I have always used finishkare 1000p which can be used on both the wheels and bodywork. It apparently can with stand high temperatures which is perfect for the wheels. Its my choice for winter protection too on the bodywork.

I have used some of the poorboys wheel sealant which is obviously a dedictaed wheel sealant and i have to say that is very very easy to use just not that sure on its durability.


----------



## CarPro.UK (Nov 22, 2011)

CQuartz DLUX is starting to get the attention it deserves as an excellent quartz wheel coating. We recommend a thorough decontamination with Iron-X (as you suggested) and then use either a strong panel wipe or CarPro Eraser to ensure the wheel surface is perfectly clean before applying CQuartz DLUX. 

The coating should last 12months+ and will only need normal car shampoo to get your wheels right back up to squeeky clean! 

As a Brucey Bones, you can also use any excess DLUX on your black plastic trim! :thumb:

Andy


----------



## dave- (Nov 8, 2012)

FK 1000p can take 250 degrees before it melts and its very cheap for the big tin you get. It is so cheap that you can afford to use a cleaner when it does get manky and just reapply. Dedicated products cost so much it would be a guilt ridden process to use I feel ( unless you have a good career, in which case get the high end dedicated products )


----------



## dstev (Nov 7, 2012)

So most sealants you use on your paintwork should be good for your wheels then?


----------



## laurieballard (Jul 25, 2012)

I use Poorboys stuff, seems to be decent.

Two coats and even after 4 weeks of dirt and brake dust, almost all of it comes off with a quick spray of shampoo and a hose.


----------



## dekerf1996 (Sep 9, 2008)

I have some polished BBS rims with powder coated centres and am going to be using 3 layers of AF mint rims. 

Due to the fact they run polished alloy dishes protection was parimount to me, but i will still clean them very regularly to make sure they are in top condition, as i don't want to be spending silly money again on custom dishes 

I have also considered C1 on them too, and might change my mind once the car is back on the road

I guess it depends on your budget, also the finish on your rims, your apptituded to cleaning and value of rims and refurb.

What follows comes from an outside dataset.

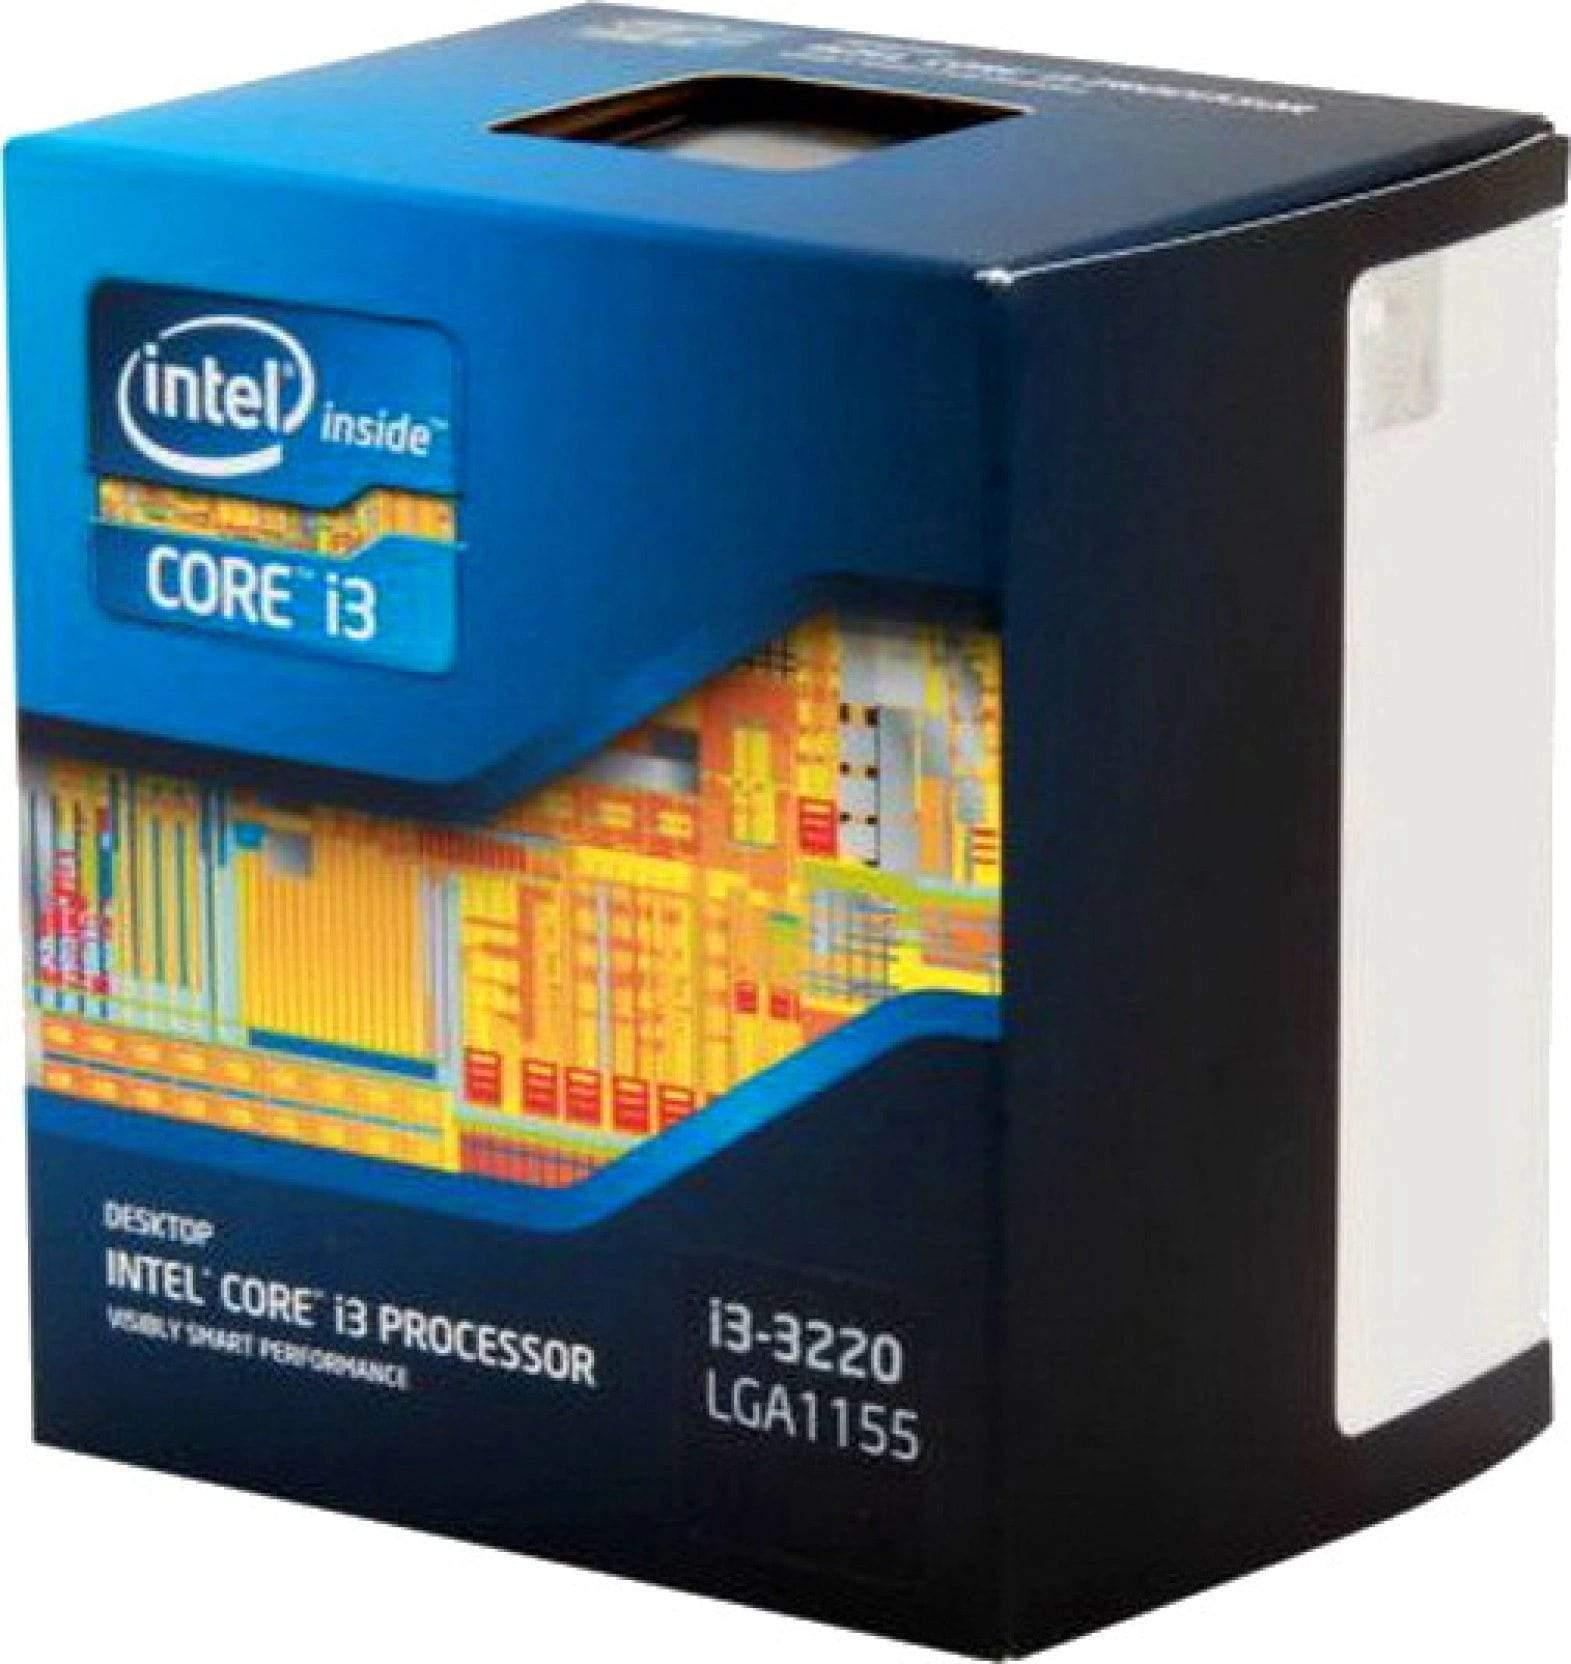 Intel Core i3-3220 (3rd Gen) Processor-Laptops & Computer Peripherals-dealsplant

C1 is expensive but nothing compared to price of my rims, but i am worried about how many coats i will get for VFM, hence the mint rims, which i use on all my other wheels, which i know is a great product.


----------



## VenomUK (Oct 13, 2011)

1000p for the win here. As said before do it right first time and the maintaining of wheels will be much easier in the future.


----------



## pe2dave (Oct 11, 2012)

dstev said:


> So most sealants you use on your paintwork should be good for your wheels then?


Looking outside, near freezing I'd say so. If you live in a hi temperature world (non UK) perhaps the hi temp properties of the P1000 will have an effect. 
Either way, P1000 is a pretty good polish, wheels or bodywork.


----------



## Tips (Mar 27, 2011)

CQUK 10ml coming soon for the winter win. :thumb:


----------



## Blueberry (Aug 10, 2007)

I'm a big fan of Planet Polish Wheel Seal and Shine. Will last 3-6 months with 1 of 2 coats respectively. It's very good value for money and the bottle lasts forever.

For better durability then Gtechniq C5 is hard to beat. Really easy to clean wheels down using this. Will last well over a year.


----------



## pe2dave (Oct 11, 2012)

Tips said:


> CQUK 10ml coming soon


Is Tips a Radio Ham? Or is that code for .... something?


----------



## bobas (May 18, 2010)

FK 1000P never let Me down.


----------



## Tips (Mar 27, 2011)

Blueberry said:


> I'm a big fan of *Planet Polish Wheel Seal and Shine*. Will last 3-6 months with 1 of 2 coats respectively. It's very good value for money and the bottle lasts forever.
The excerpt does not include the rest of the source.